BEGIN Given material
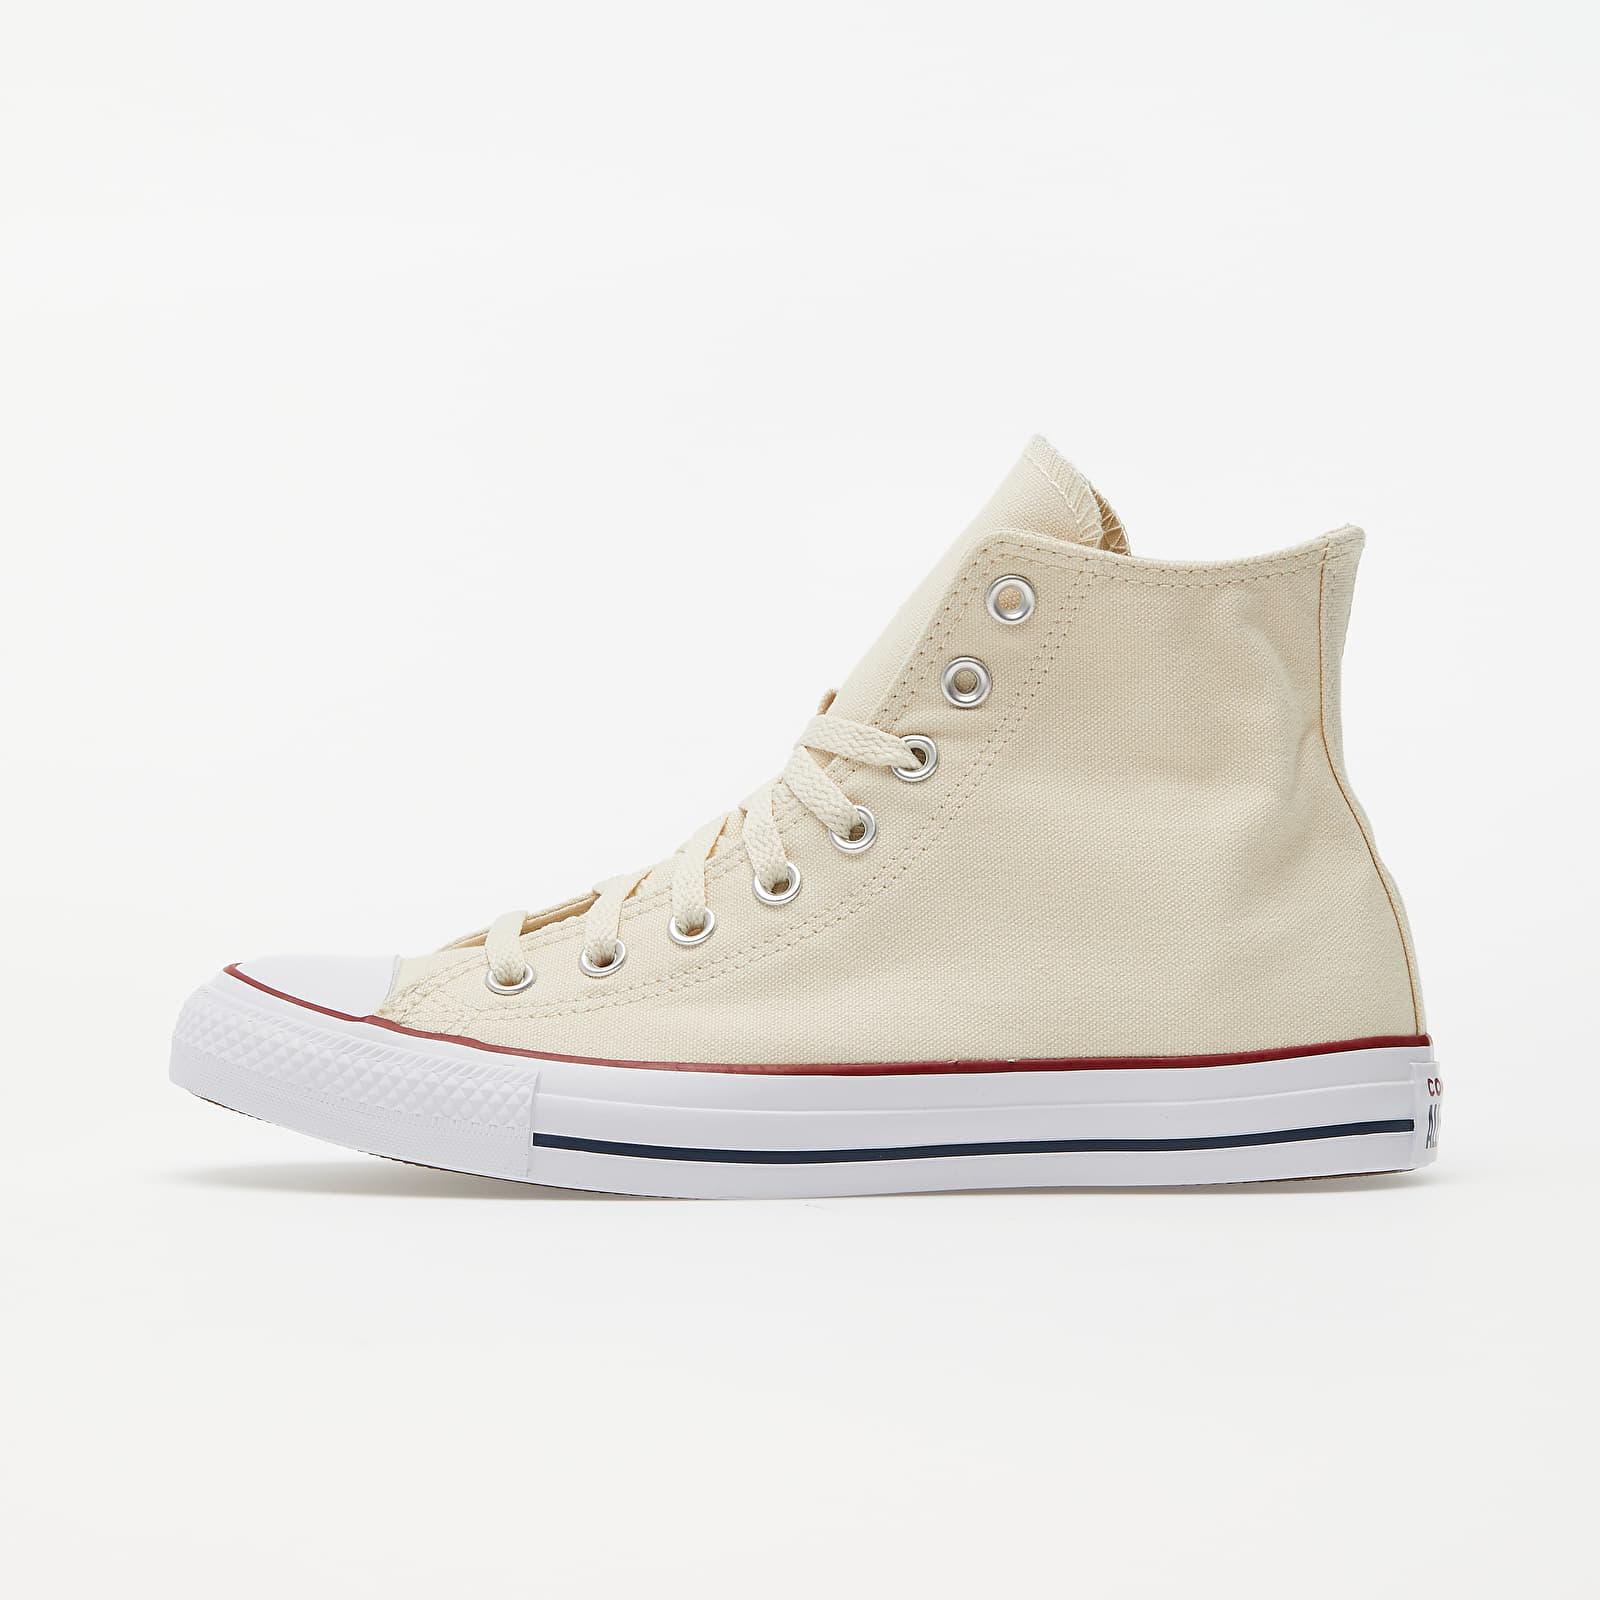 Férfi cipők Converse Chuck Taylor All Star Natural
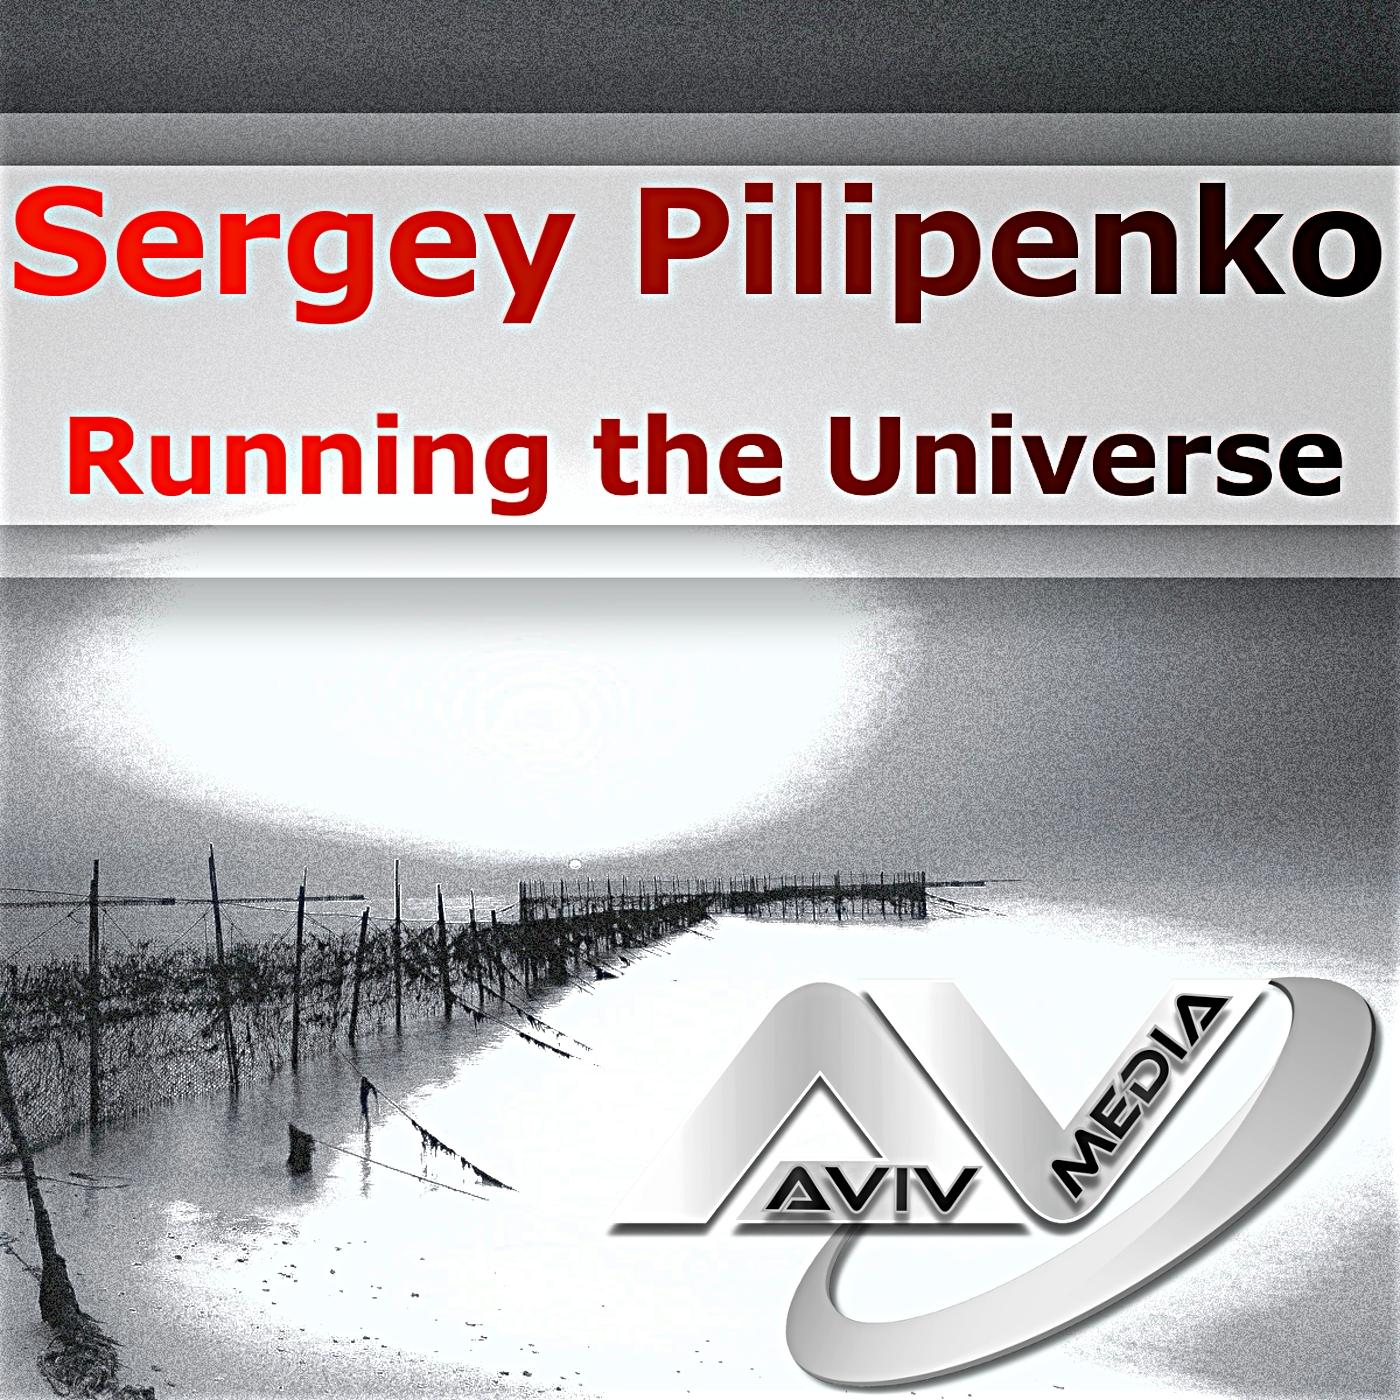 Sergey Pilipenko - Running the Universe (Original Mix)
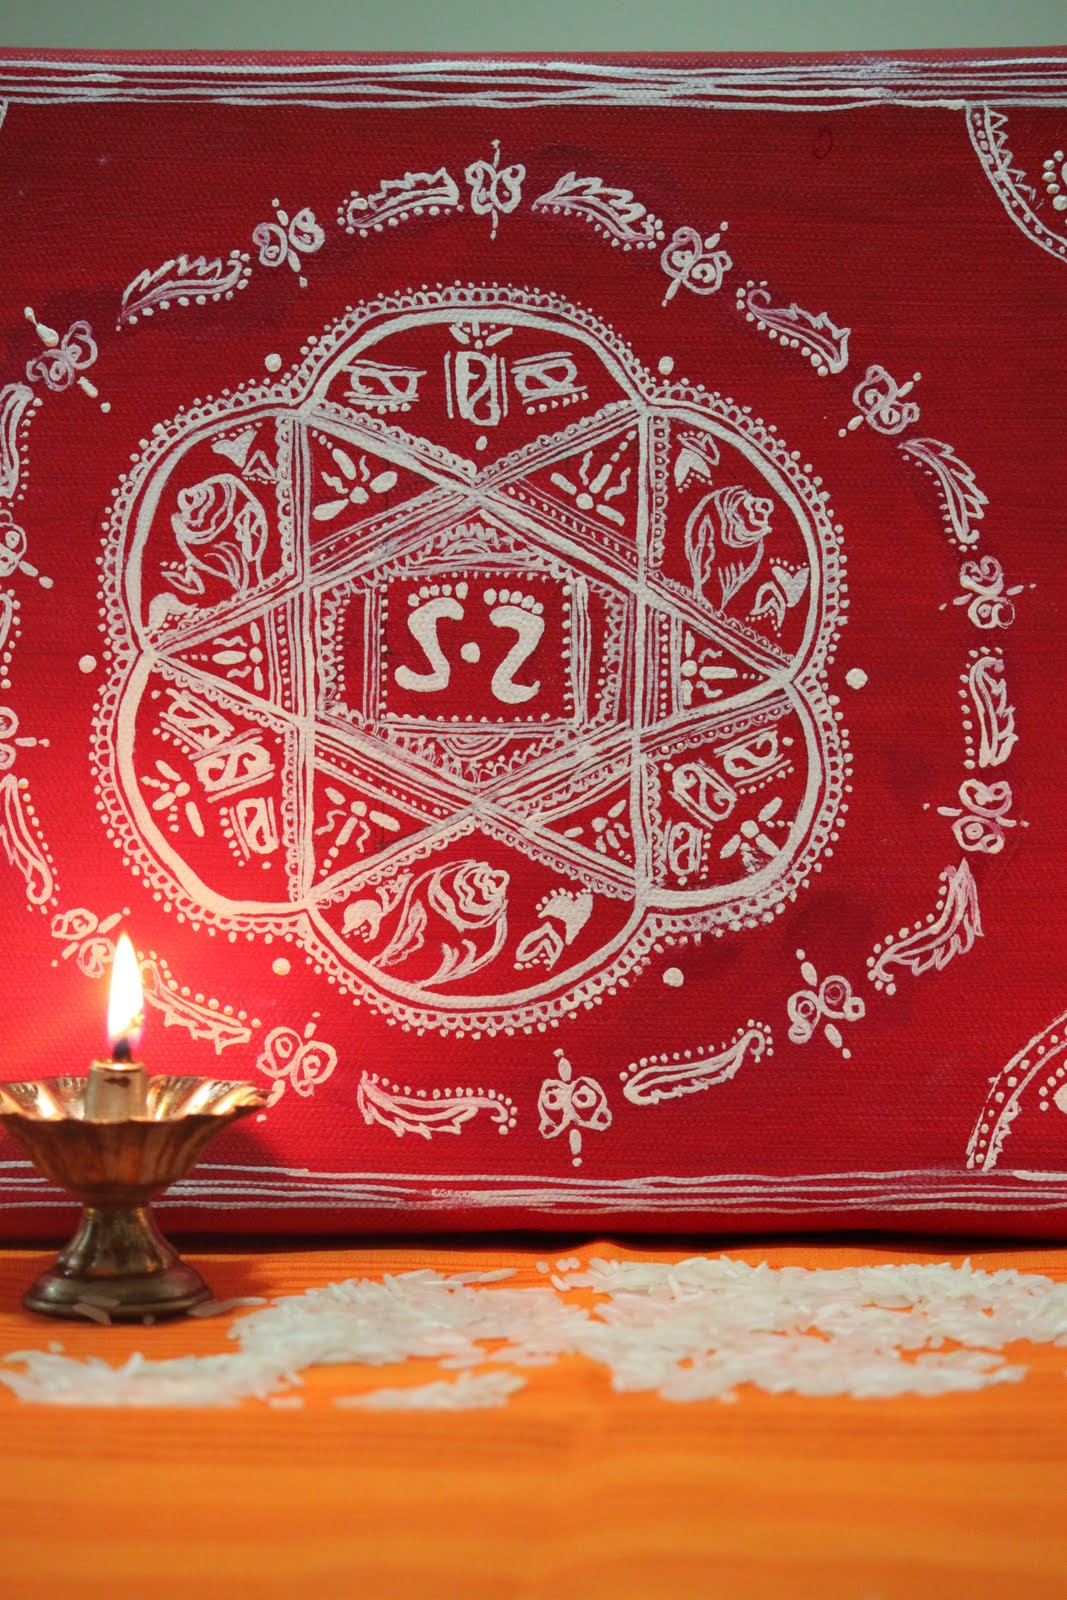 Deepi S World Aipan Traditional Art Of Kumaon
END Given material
Every line above should be transcribed exactly, though no image should be carried over.

> _Result of this exercise_:
 Férfi cipők Converse Chuck Taylor All Star Natural
 Sergey Pilipenko - Running the Universe (Original Mix)
 Deepi S World Aipan Traditional Art Of Kumaon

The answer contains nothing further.